How To Use STARC Bands
There are a variety of uses for STARC bands, but the most basic is to determine high and low risk buying or selling opportunities. If prices are near or at the upper bands (STARC+) it is a high-risk time to buy (establish a long position) and when prices are at or near the lower bands (STARC-) it is a high-risk time to sell (establish a short position). This does not mean that the market will automatically reverse direction once the bands are reached, but it increases the odds that the market will either bounce in the opposite direction or at least move sideways for several periods. This can be very important when a market is moving sharply either up or down and has been doing so for three or four bars as the impulse to chase the market becomes unbearable.

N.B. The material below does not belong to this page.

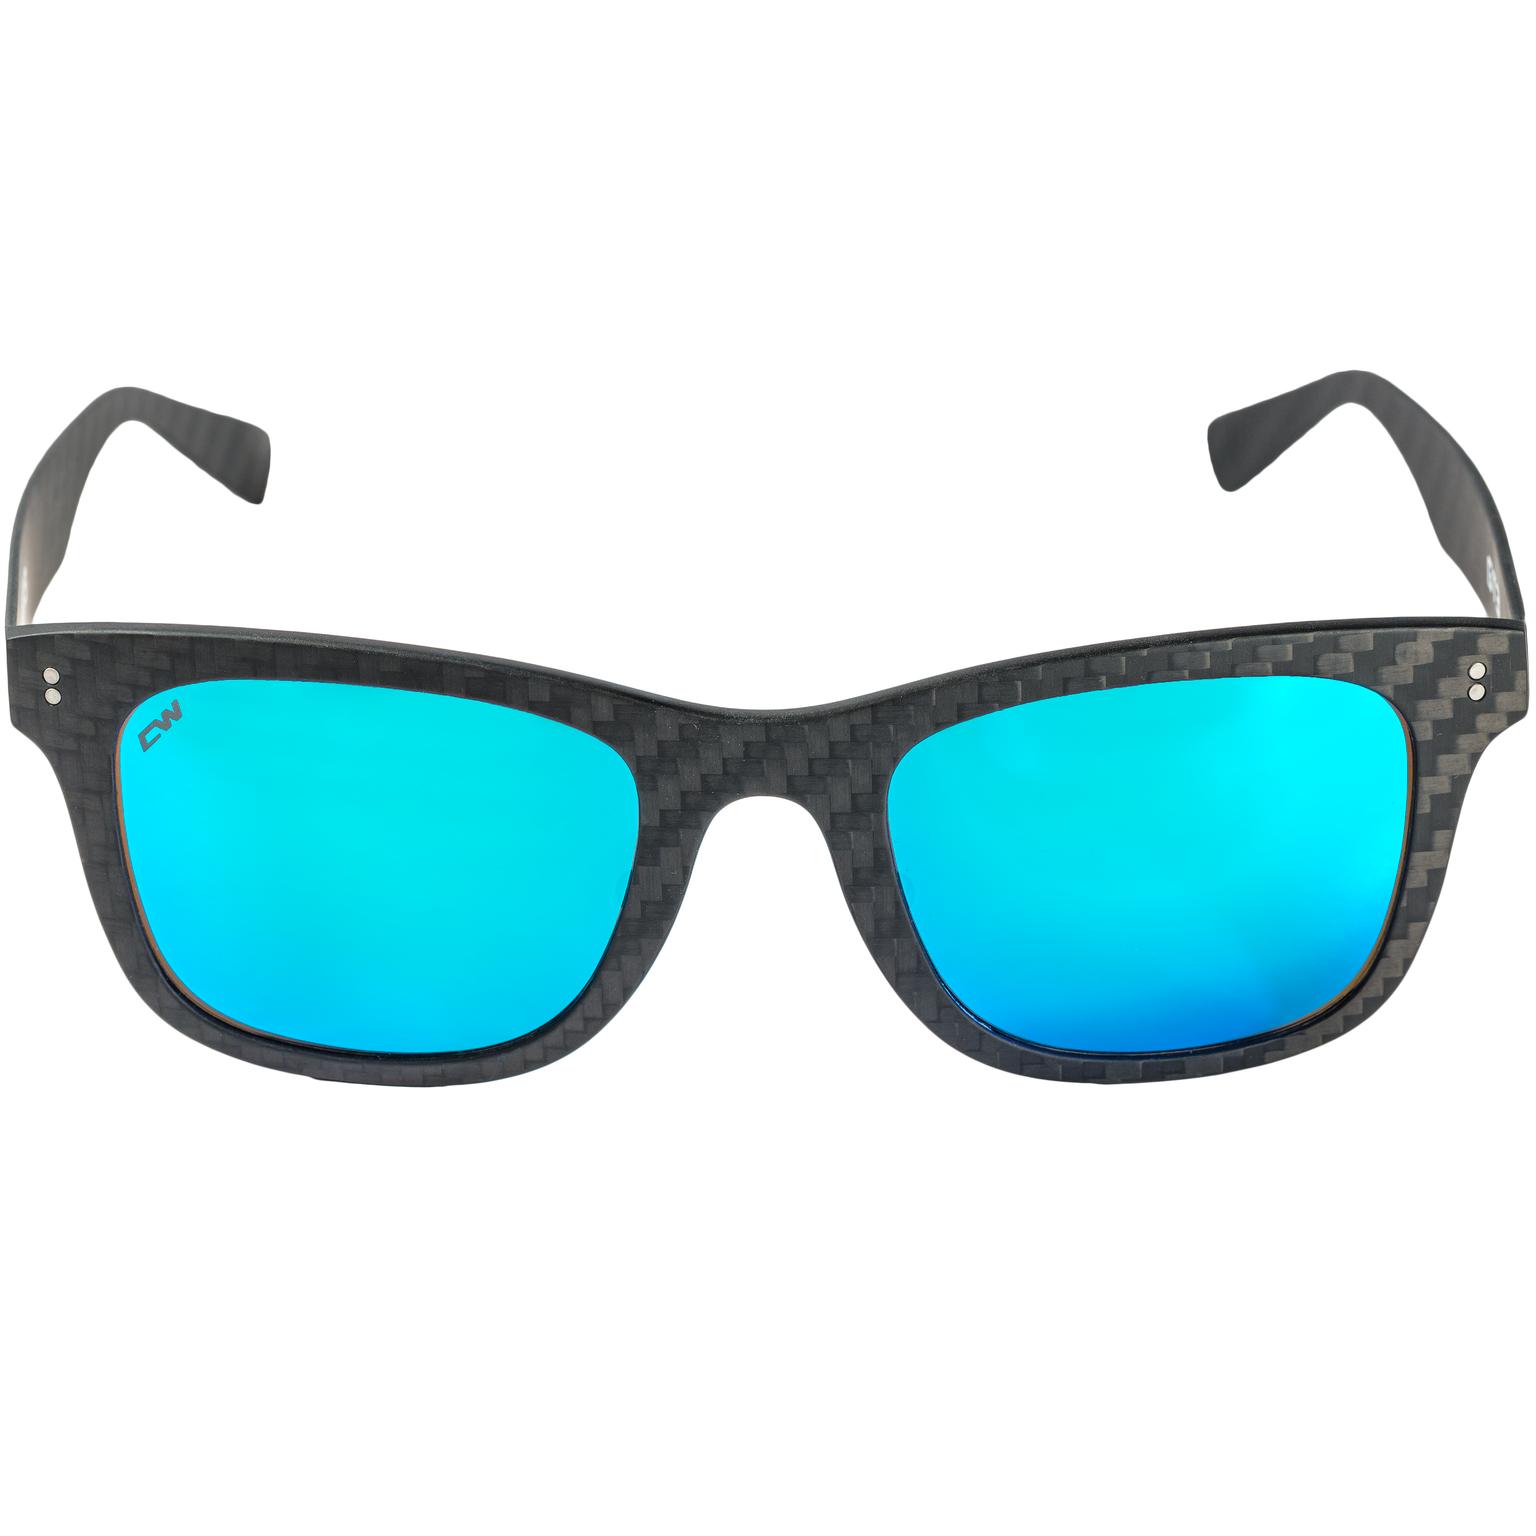 GT3 sunglasses Sea Blue Mirror

Often traders cannot resist the urge to buy or sell at these extremes only to have the position quickly go against them and stop them out. Invariably, the market will then resume its original direction, leaving the trader without a position and very frustrated. By noting the relationship of prices to the STARC bands, one can gauge the risk on either the short or long side. An option trader's strategy can then be adjusted in relation to the STARC bands. If prices are at the STARC+ band, call buying would be a high risk, while a bearish strategy such as buying puts or establishing a bear spread, would be a lower risk. For example, the week of 10/3/97, point 1, Crude Oil, basis the nearby futures, closed above its upper weekly STARC band, which is a fairly uncommon event. By definition this was a high-risk area for long positions, but a low risk opportunity for short positions. Therefore, at point 1, put buying, call selling or bear spreads had the best risk/reward profile in terms of the STARC bands.
Figure 1:
The STARC bands can also be used to help identify profit-taking zones. After the weekly STARC+ band was exceeded at point 1, over five months passed before the lower daily STARC band was reached, point 2. As discussed previously, both points 2 and 3, represented favorable risk situations for establishing long positions, such as put selling, bull spreads or call buying. Over the years, the most common complaint or money management mistake that option trader's express is that they stay with a position too long. This is especially true with naked put or call buyers. They will put on a position which immediately goes in their favor and may double in a short period of time. Even though this may have been their original goal, often greed sets in and instead of taking some or all of their profits, their judgment is clouded with visions of 300 to 500 percent gains. Ultimately, they hang on too long and are lucky to get out with any profit at all. The weekly STARC bands can be used as a guide to help avoid this reoccurring trap. As points 4, 5, 6 and 7 illustrate, taking profits once prices reach the weekly STARC bands historically has been advantageous. Although some of the retracements were not that large, some were—Crude Oil dropped over per barrel from point 6 to point 7.